ECCHR is an independent, non-profit legal and educational organization dedicated to enforcing civil and human rights worldwide. It was founded in 2007 by Wolfgang Kaleck together with other international human rights lawyers, in order to protect and enforce the rights guaranteed by the Universal Declaration of Human Rights, as well as other declarations of human rights and national constitutions, through legal means.
Together with affected persons and partners worldwide, ECCHR uses legal means to end impunity of those responsible for torture, war crimes, sexualized violence, corporate exploitation and fortressed borders.
Syrian military police defector "Caesar" passes key evidence to German Federal Prosecutor
Berlin, 22 September 2017 – Thousands of photos of corpses in Syrian government detention facilities, in high definition, many containing metadata – key evidence for the ongoing investigations into human rights abuses under Syrian President Bashar al-Assad. On 21 September 2017, the group around the former Syrian military police employee “Caesar” for the first time took legal action by filing together with the European Center for Constitutional and Human Rights (ECCHR) a criminal complaint with the German Federal Prosecutor in Karlsruhe against senior officials from the Syrian intelligence service and military police concerning crimes against humanity and war crimes. A representative of the Caesar Files Group also provided the Federal Prosecutor with image files. The files represent unique proof of the machinery of torture and killing under Assad’s government.
“The photos show the extent and the systematic nature of torture under Assad. The metadata is especially useful. Until now no international investigators or third-country national prosecutors or courts have seen this information,” explains ECCHR General Secretary Wolfgang Kaleck. “The German Federal Prosecutor is the first authority which can use this data to bring about international arrest warrants against those most culpable within the Syrian regime.” As one of the few countries where the principle of universal jurisdiction applies, Germany is playing a key role in the fight against impunity in Syria.
German authorities are already investigating and have heard evidence from torture survivors who, together with ECCHR, filed a criminal complaint with the Federal Prosecutor in March 2017 against senior officials in the Syrian Military Intelligence Service.
The photos filed this week were taken in Syria between May 2011 and August 2013. They were subsequently obtained by the Caesar Files Group and smuggled out of the country. The images show the bodies of people who were tortured and died in Syrian government detention facilities.

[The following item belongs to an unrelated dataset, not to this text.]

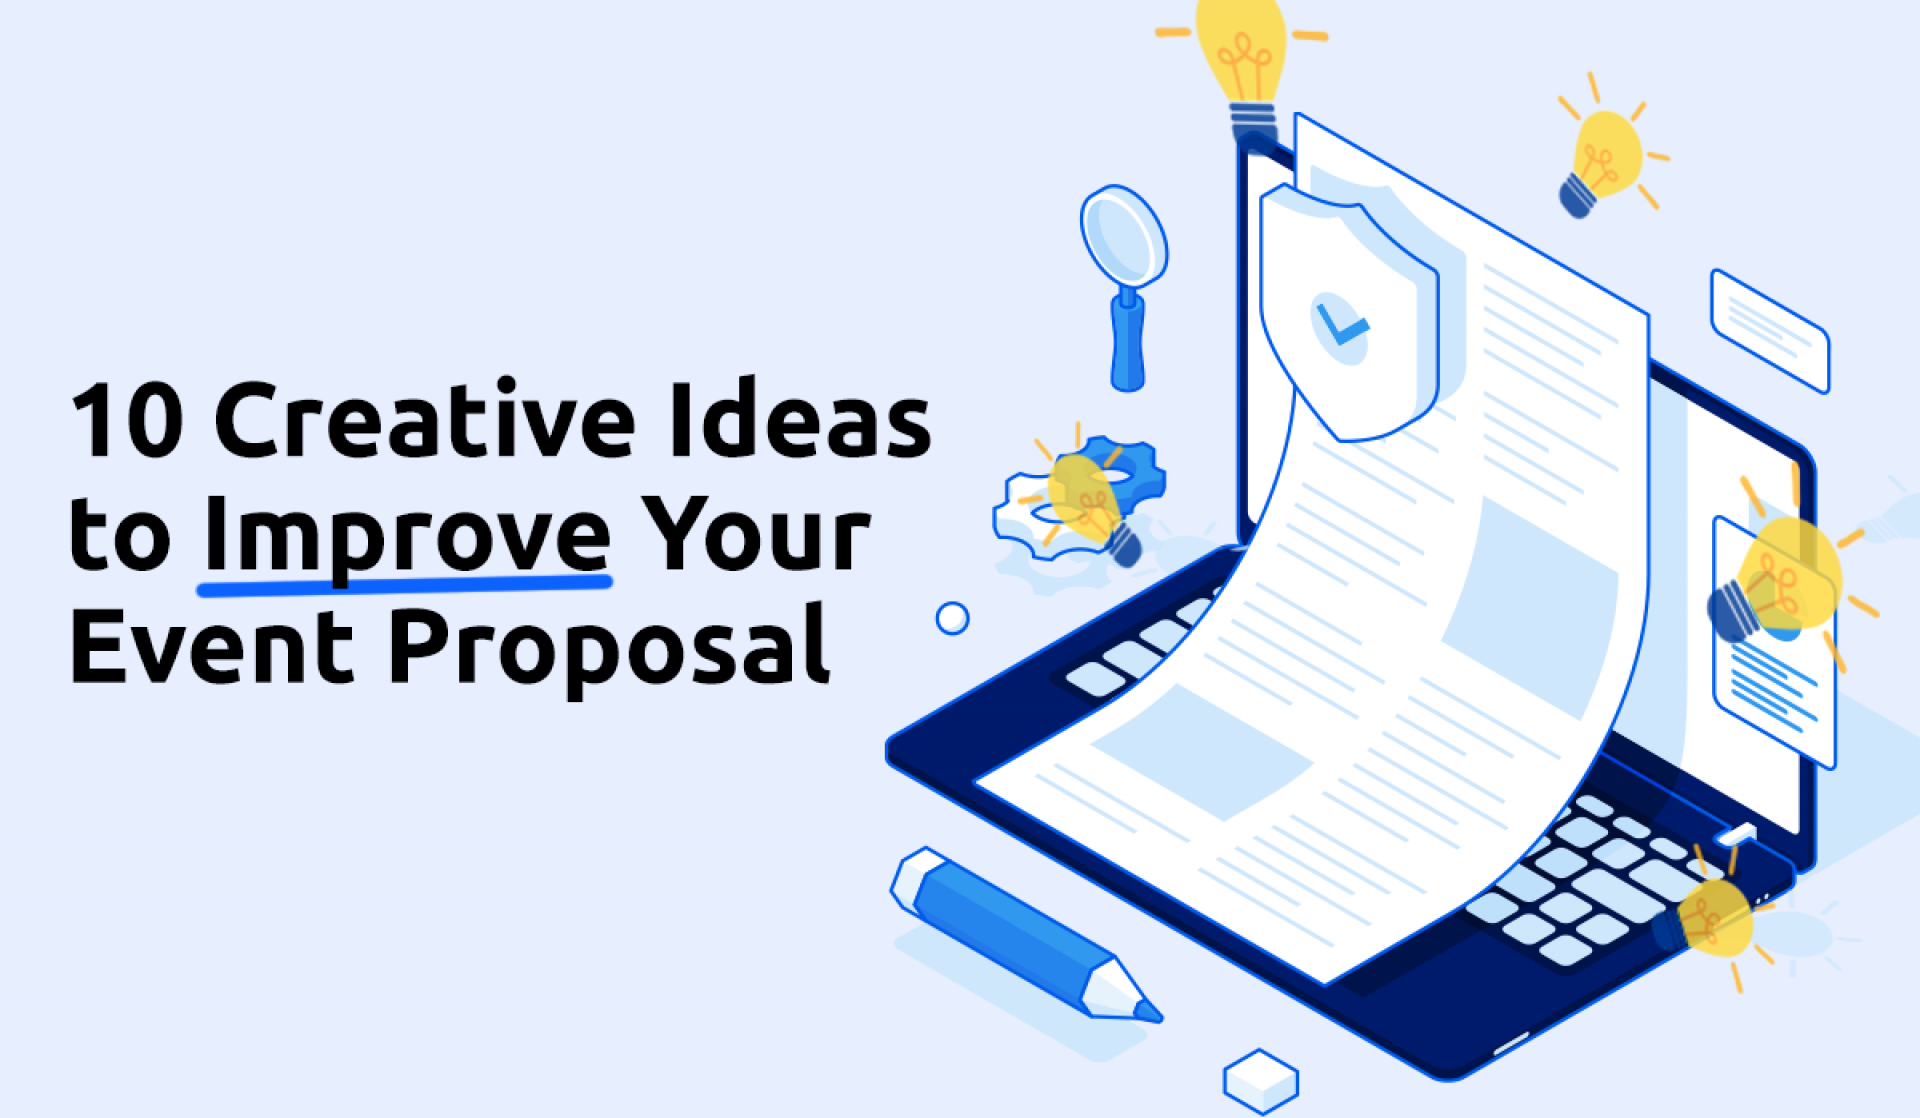 10 Creative Ideas to Improve Your Event Proposal

The metadata and the accompanying criminal complaint from ECCHR and the Caesar Files Group provide information on the locations and institutions involved as well as the torture methods used and the causes of death. The complaint is directed against the heads of the Syria’s National Security Bureau, the Military Intelligence Service, the Air Force Intelligence Service, the General Intelligence Directorate and the Military Police.
In Syria there is complete impunity for human rights violations committed by the intelligence services and the military police. There is currently no way to bring the cases before the International Criminal Court. It therefore falls to national jurisdictions in third-party states such as Germany to investigate and prosecute these crimes.
The group around the former Syrian military police employee 'Caesar' took for the first legal action by filing together with ECCHR a criminal complaint against senior officials from the Syrian intelligence services and the military police concerning crimes against humanity and war crimes.